Уж я-то до тонкостев знаю, что есть главное в жизни...
- А что? - с живостью спросил сидевший рядом Дубцов. - Что, дедушка,
главное, по твоему разумению?
- Жратва! Фактически говорю, что только жратва, и больше ничего"
главнее нету.
- Ошибаешься ты, дедушка, - печально сказал Дубцов, кося цыганскими
глазами на остальных слушателей и сохраняя самый серьезный вид. - Жестоко
ты ошибаешься, а все потому, что умишко у тебя на старости годов стал
такой же жидкий, как вот эта каша, какую ты хлебал. Разжижели твои мозги,
потому ты и ошибаешься...
Дед Щукарь снисходительно улыбнулся:
- Пока неизвестно, у кого мозга круче замешена: у тебя или у меня. А
по-твоему, что есть главное в жизни?
- Любовь, - скорее выдохнул, чем проговорил Дубцов и так мечтательно
закатил глаза под лоб, что, глядя на его смуглое рябое лицо, первая не
выдержала Куприяновна.
Она фыркнула громко, как лошадь, почуявшая дождь, и, вся сотрясаясь от
смеха, закрыла рукавом кофточки побагровевшее лицо.
- Ха! Любовь! - Щукарь презрительно улыбнулся. - Да что она стоит, твоя
любовь, без хорошего харча? Тьфу, и больше ничего! Не покорми тебя с
недельку, так от тебя не то что Куприяновна, но и родная жена откажется.
- Это как сказать, - упорствовал Дубцов.
- Тут и говорить нечего. Я все дочиста наперед знаю, - отрезал дед
Щукарь и назидательно поднял указательный палец. - Вот я вам зараз
расскажу одну оказию, и все придет в ясность, и никаких споров больше не
понадобится.
Редко приходилось встречать деду Щукарю более внимательных слушателей.
Около тридцати человек сидело вокруг костра, и все боялись проронить хоть
одно Щукарево слово. Так по крайней мере казалось ему. Да и что было
спросить со старика? На собраниях ему никогда не давали слова; Давыдов во
время поездок был молчалив, все что-то обдумывал про себя; старуха Щукаря
даже смолоду не отличалась разговорчивостью. С кем же было отвести душу
бедному старику? Потому-то он теперь, найдя благосклонных слушателей,
будучи после ужина в отличнейшем расположении духа, и решил наговориться
вволю. Он уселся поудобнее, сложил ноги калачиком, разгладил ладонью
бороденку и только что раскрыл рот, чтобы начать неспешное повествование,
как его опередил Дубцов - с нарочитой строгостью сказал:
- Ты рассказывай, дед, только без брехни! У нас в бригаде обычай такой:
пороть брехунов вожжами.
Дед Щукарь тяжело вздохнул, погладил ладонью левую ногу.

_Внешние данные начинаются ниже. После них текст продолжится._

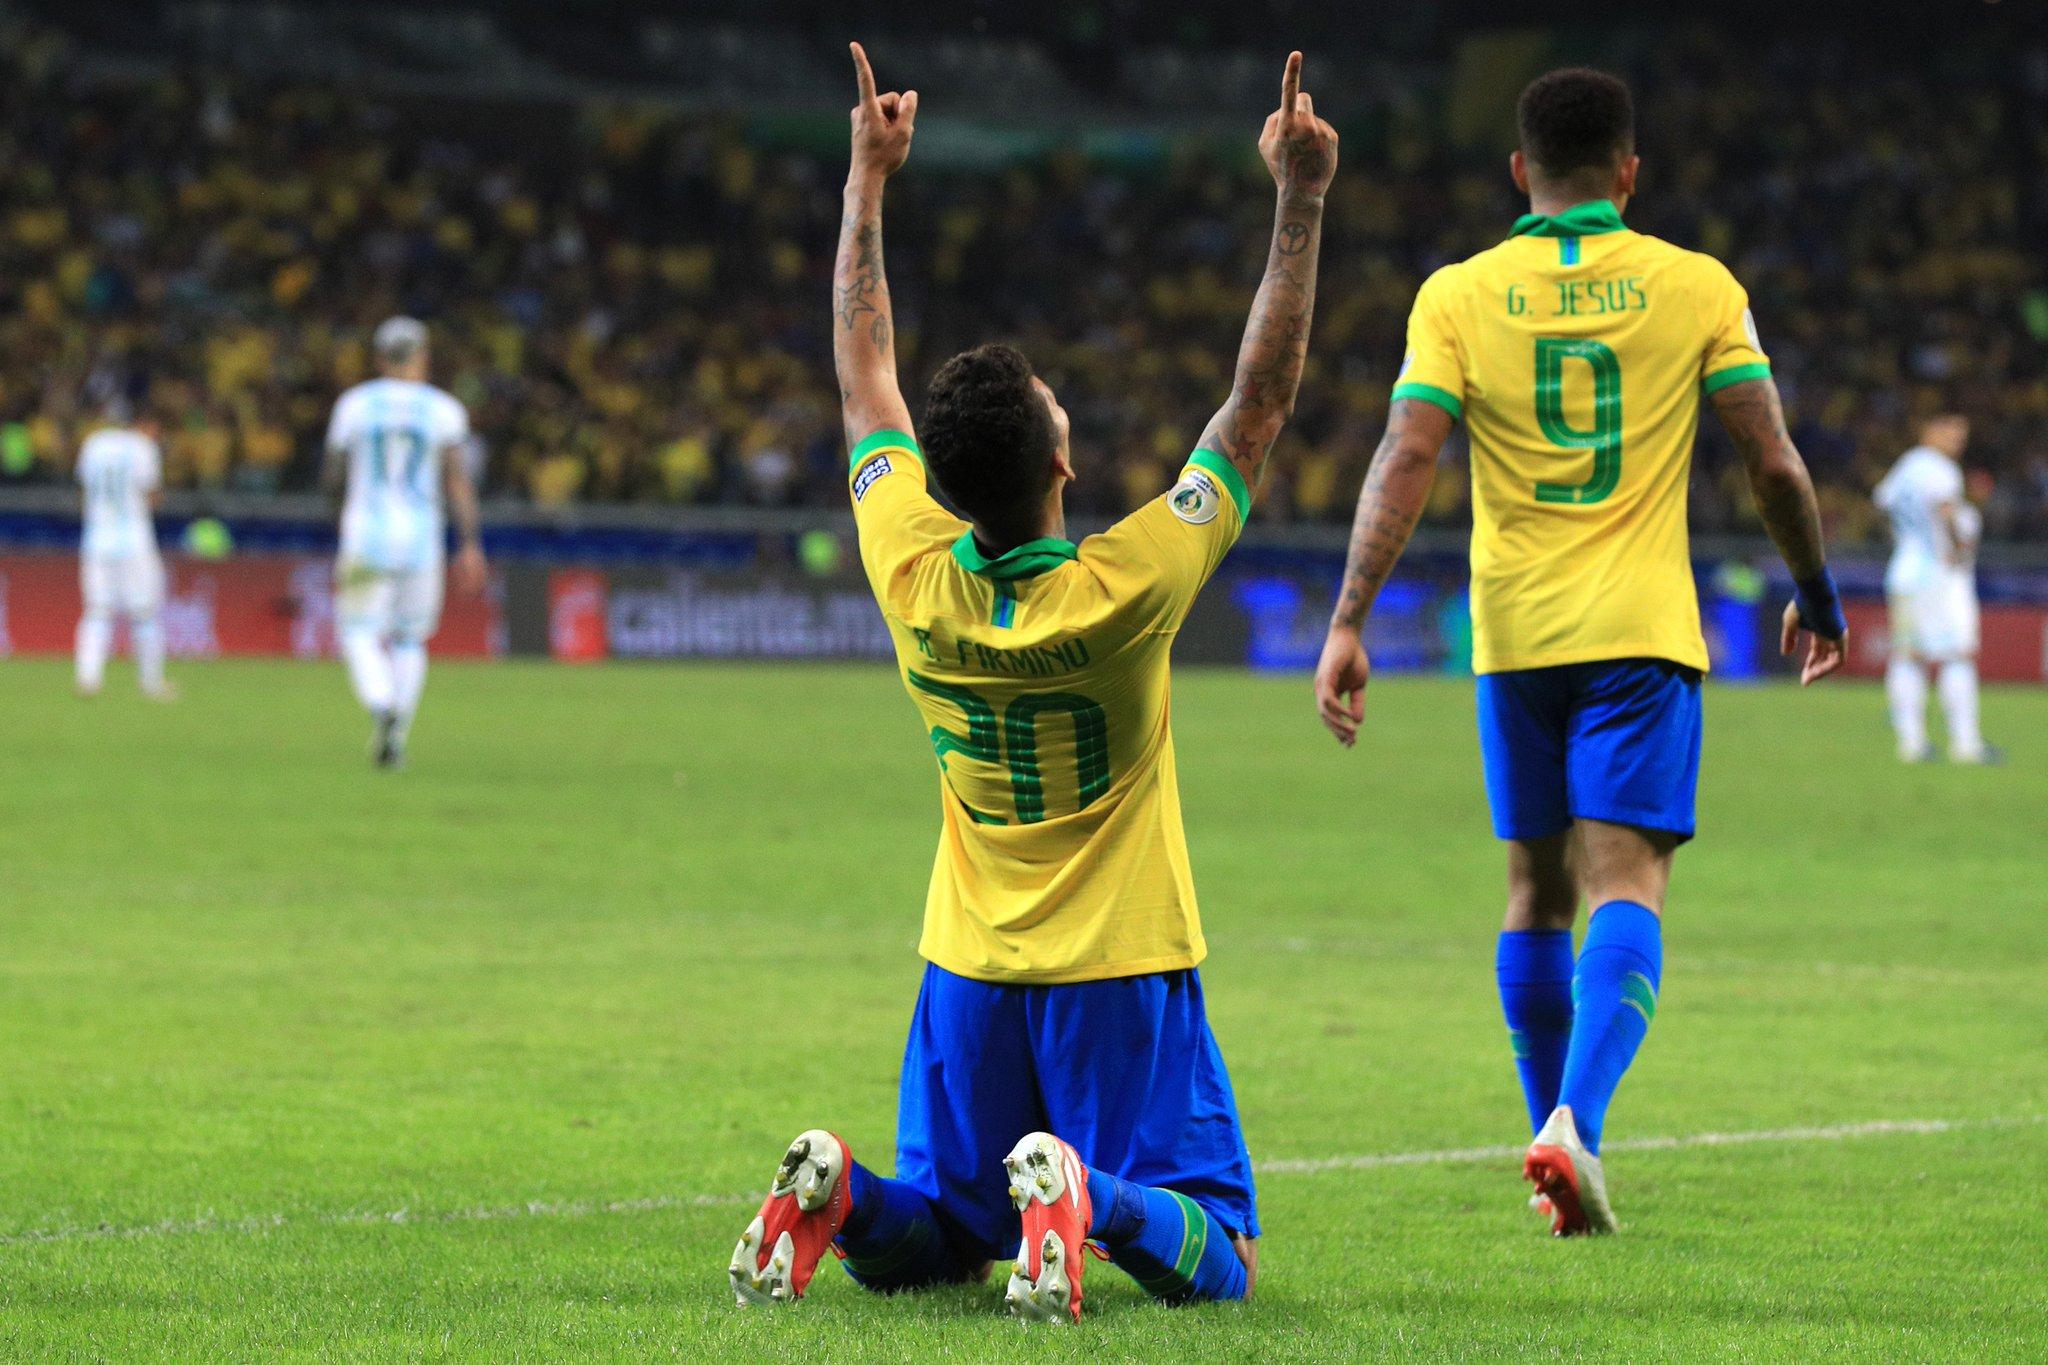 أهداف مباراة البرازيل والأرجنتين في نصف نهائي كوبا أمريكا

- Ты меня, Агафоша, не пужай. Я нынче и так был до смерти выпужанный...
Ну, так вот как оно дело было. Весной призывает меня Давыдов и говорит:
"Бери, дедушка, два мешка овса у кладовщика, себе выписывай харчишек и дуй
на жеребцах прямым ходом в конец Сухого лога. Там наши кобылки пасутся, и
ты туда в аккурат явишься со своими женихами. Пасет табун глухой Василий
Бабкин. Разобьете табун на два косяка, с одним будет Василий, с другим -
ты. Только за призводителей ты будешь в ответе, ты их подкармывать овсецом
будешь". А я, признаться, не знал, что такое призводитель, слова такого не
слыхал. Вот тебе и возникший вопрос. Жеребец - знаю, кобыла - знаю, само
собою знаю, что за штука мерин. Я и спрашиваю: "А что такое -
призводитель?" Он ответствует: "Кто, дескать, призводит потомство, тот и
есть призводитель". Спрашиваю дальше: "А бугая тоже можно называть
призводителем?" Он поморщился и говорит: "Само собою". Я ишо дальше
спрашиваю: "А мы с тобой тоже призводители?" Он засмеялся и говорит: "Тут,
дед, каждый из нас сам за себя отвечает". Одним словом, получается так:
будь ты хоть воробей, хоть какая-нибудь скотиняка, хоть человек, но ежли
ты мужеского пола, - ты и есть самый настоящий, без подмесу, призводитель.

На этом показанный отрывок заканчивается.